RECHTBANK BREDA
Sector bestuursrecht, team bestuursrecht
procedurenummer: 10 / 428 WWB
uitspraak van de enkelvoudige kamer
[naam persoon],
wonende te [woonplaats], eiser,
gemachtigde mr. F.H.W. Verberne,
het dagelijks bestuur van de Intergemeentelijke Sociale Dienst Midden-Langstraat (ISD),
verweerder.
Eiser heeft beroep ingesteld tegen het besluit van verweerder van 11 december 2009 (bestreden besluit) inzake de afwijzing van zijn aanvraag om een bijstandsuitkering.
Het beroep is behandeld ter zitting van 24 juni 2010, waarbij aanwezig waren eiser en zijn gemachtigde. Daarnaast was aanwezig eisers moeder [naam persoon]. Namens verweerder is verschenen [naam persoon].
2.1 Op grond van de gedingstukken en de behandeling ter zitting gaat de rechtbank uit van de volgende feiten en omstandigheden.
Eiser ontving tot 8 juni 2009 een uitkering op grond van de Werkloosheidswet (WW).
Op 8 juni 2009 heeft eiser een bijstandsuitkering aangevraagd.
Op 29 september 2005 en 21 december 2005 hebben zich verkeersongevallen voorgedaan, waarbij eiser schade heeft opgelopen. Eiser heeft de veroorzakers van de ongevallen aansprakelijk gesteld voor de door hem geleden schade. Op 15 juni 2009 is een vaststellingsovereenkomst gesloten tussen eiser en de verzekeraar inzake de vergoeding van de door eiser geleden en/of te lijden materiële en immateriële schade. Deze schade wordt vastgesteld op € 40.250,-. De verzekeraar heeft reeds eerder bij wijze van voorschot onder algemene titel een bedrag van € 10.250,- betaald, zodat er pro resto een slotuitkering wordt gedaan van € 30.000,-. Het bedrag zal worden overgemaakt naar de bankrekening van [naam persoon].
Bij besluit van 21 juli 2009 (primair besluit) heeft verweerder eisers aanvraag afgewezen. Verweerder heeft hierbij overwogen dat eiser over een vermogen kan beschikken van € 22.560,-. Eisers vermogen ligt boven het vrij te laten vermogen van € 5.455,-. Volgens verweerder heeft eiser voldoende middelen om zelf in de noodzakelijke kosten van het bestaan te voorzien. Verweerder heeft geen rekening gehouden met de schuld die eiser bij zijn moeder zou hebben, omdat de overdracht van de middelen op een dusdanige wijze heeft plaatsgevonden dat niet is aan te tonen welk bedrag eiser precies ter hand is gesteld. Daarnaast heeft verweerder overwogen dat er aan de schuld geen daadwerkelijke verplichting tot terugbetaling is verbonden.
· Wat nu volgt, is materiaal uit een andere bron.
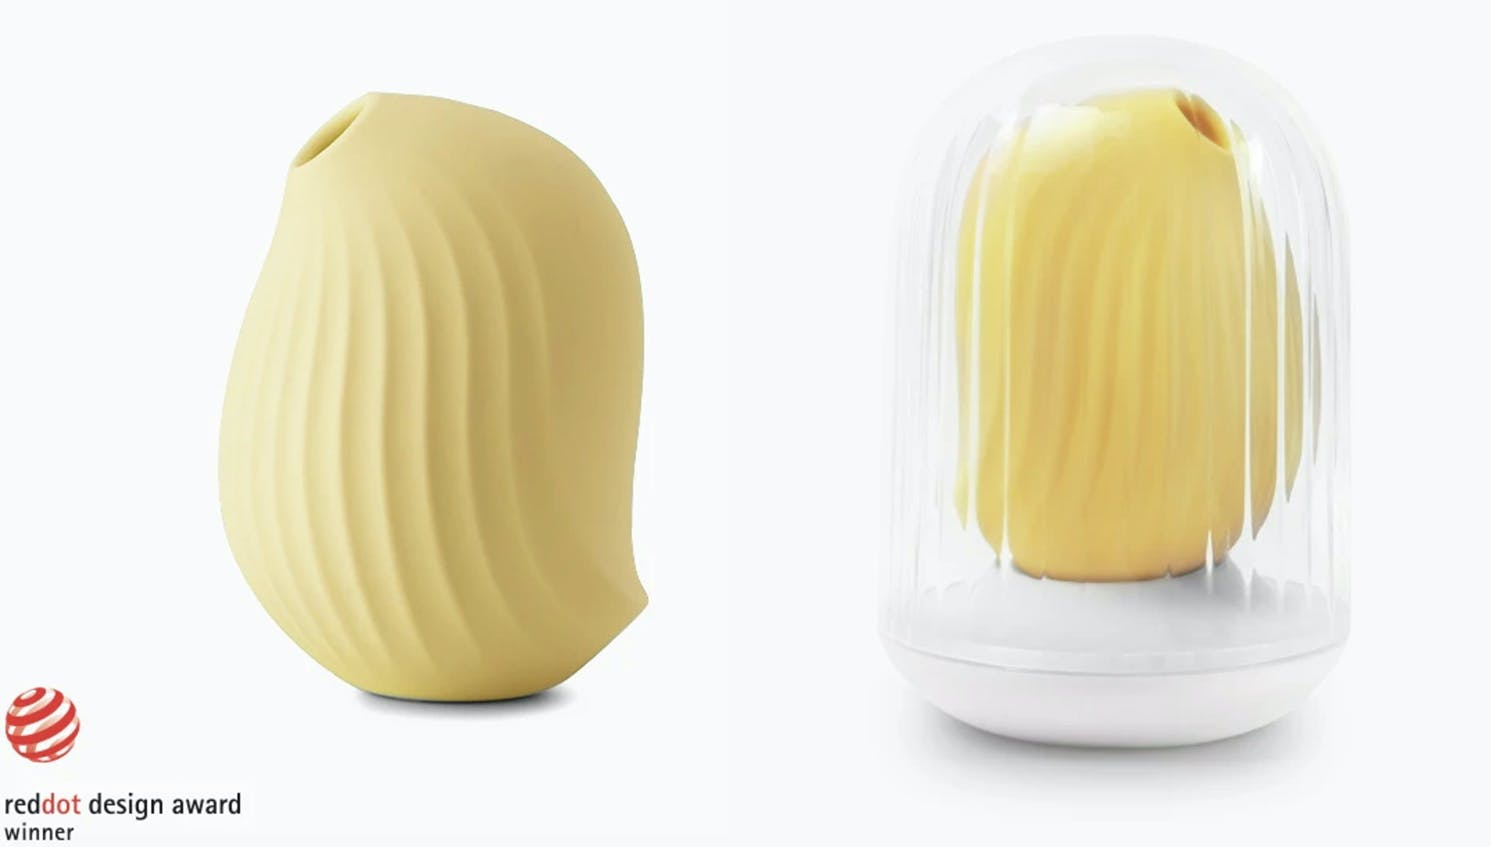 clit sucking vibrator
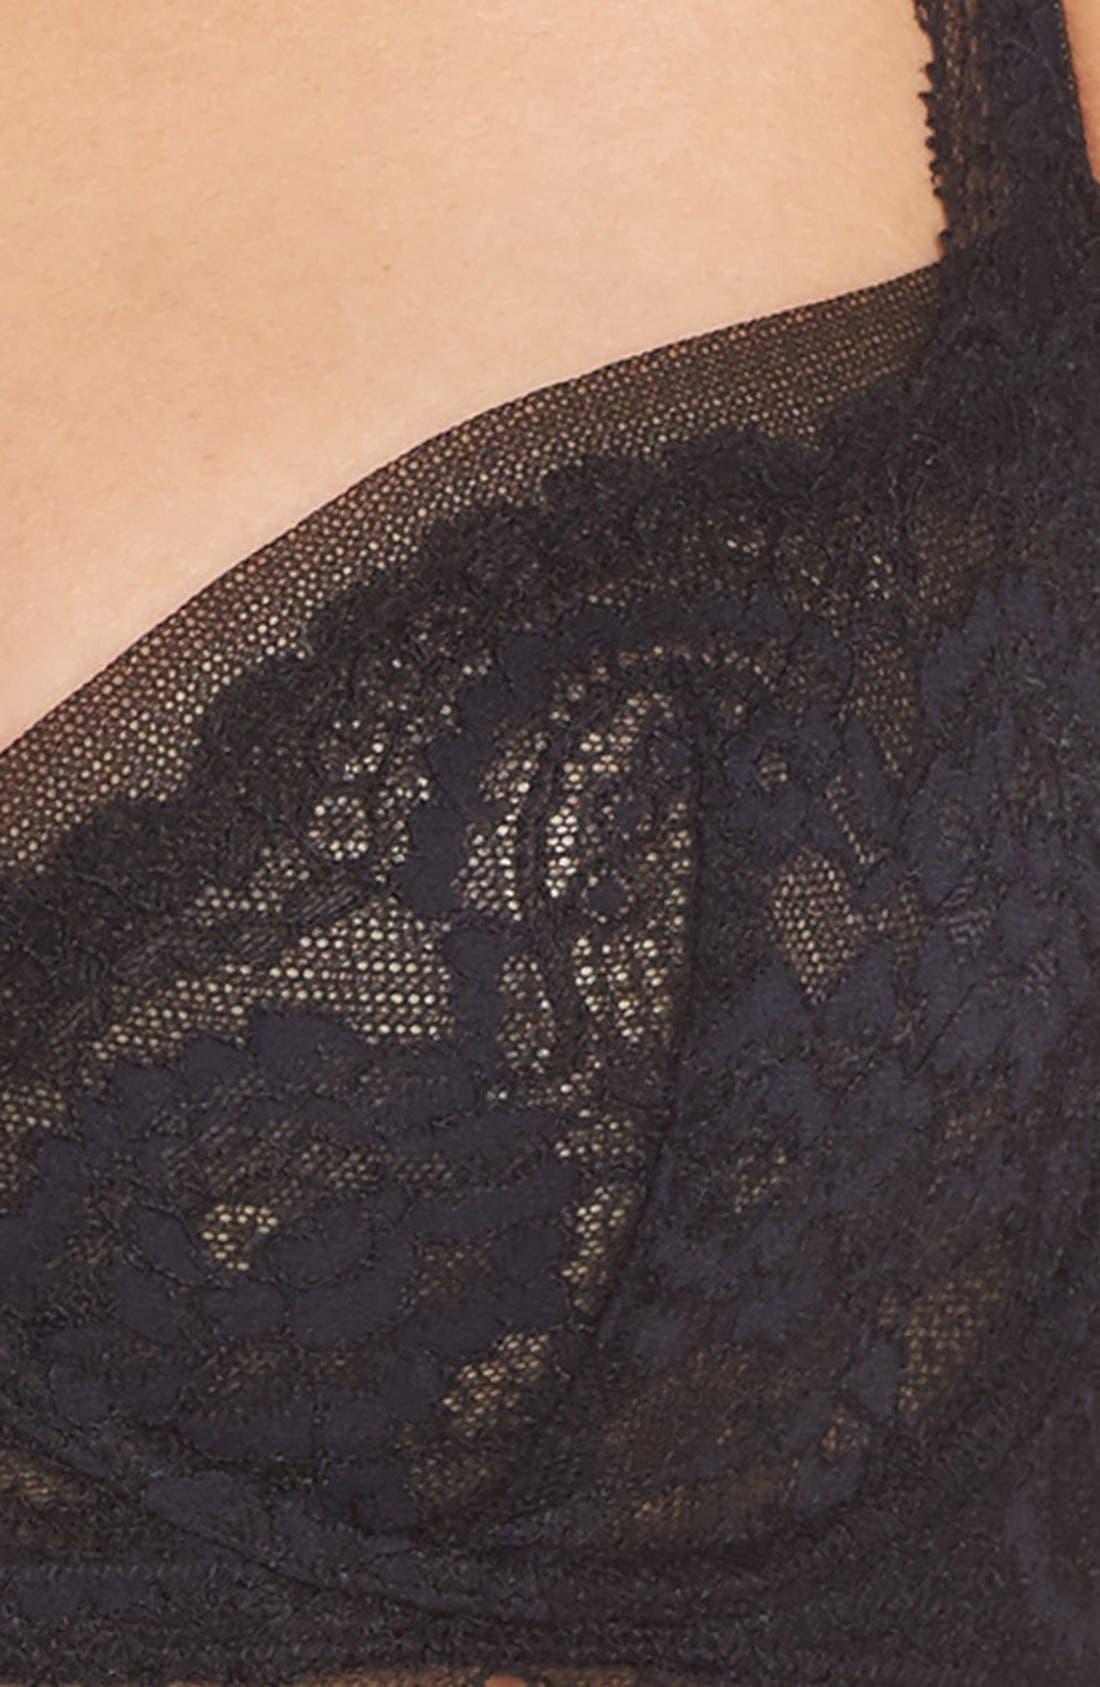 'Minx' Unlined Lace Demi Underwire Bra,                             Alternate thumbnail 21, color,

Eiser heeft bezwaar gemaakt tegen het primaire besluit.
Bij het bestreden besluit heeft verweerder de bezwaren van eiser ongegrond verklaard.
2.2 Eiser heeft in beroep, samengevat, het volgende aangevoerd. Eiser kon ten tijde van de bijstandsaanvraag niet beschikken over de slotuitkering in het kader van de letselschade ter hoogte van € 30.000,-. Verweerder heeft eiser eerst in juli 2009 aangeraden om het betreffende bedrag rechtstreeks aan hemzelf te laten uitkeren. Eiser had op 15 juni 2009 echter al de vaststellingsovereenkomst getekend, waarbij hij opdracht heeft gegeven tot uitbetaling van het bedrag aan zijn moeder. Dit bedrag had derhalve buiten beschouwing moeten worden gelaten bij de vermogenstoets. Verweerder heeft de totale schadevergoeding van € 40.250,- toegerekend aan verschillende schadeposten. Het bedrag voor verlies aan arbeidsvermogen van € 9.540,- moet buiten beschouwing worden gelaten bij de vermogenstoets. Het gaat namelijk om een vergoeding ter dekking van inkomensschade die eiser in het verleden heeft geleden. Ten aanzien van de verdeling van het geldbedrag in de verschillende posten is verweerder ten onrechte alleen afgegaan op het voorstel van CED Personenschade. In een schrijven van Verhaal Personen Schade BV (VPS) van
20 augustus 2009 is de opbouw van het uitgekeerde bedrag toegelicht. VPS is bij de onderhandelingen over de regeling betrokken, zodat zij hiervan het beste op de hoogte is. Verweerder is hier ten onrechte aan voorbij gegaan. Er is bovendien sprake van een reële en aantoonbare schuld bij zijn moeder. Eiser heeft aangeboden om middels rekeningafschriften en bonnetjes het verstrekte overzicht van de schuld nader te onderbouwen. Gelet op de omstandigheden van het geval en de verklaringen van eiser over de wijze waarop hij de geldschuld bij zijn moeder heeft opgebouwd, bestond er aanleiding voor een nader onderzoek naar deze schuld. Nu verweerder dit heeft nagelaten, is er geen sprake van een zorgvuldige besluitvorming.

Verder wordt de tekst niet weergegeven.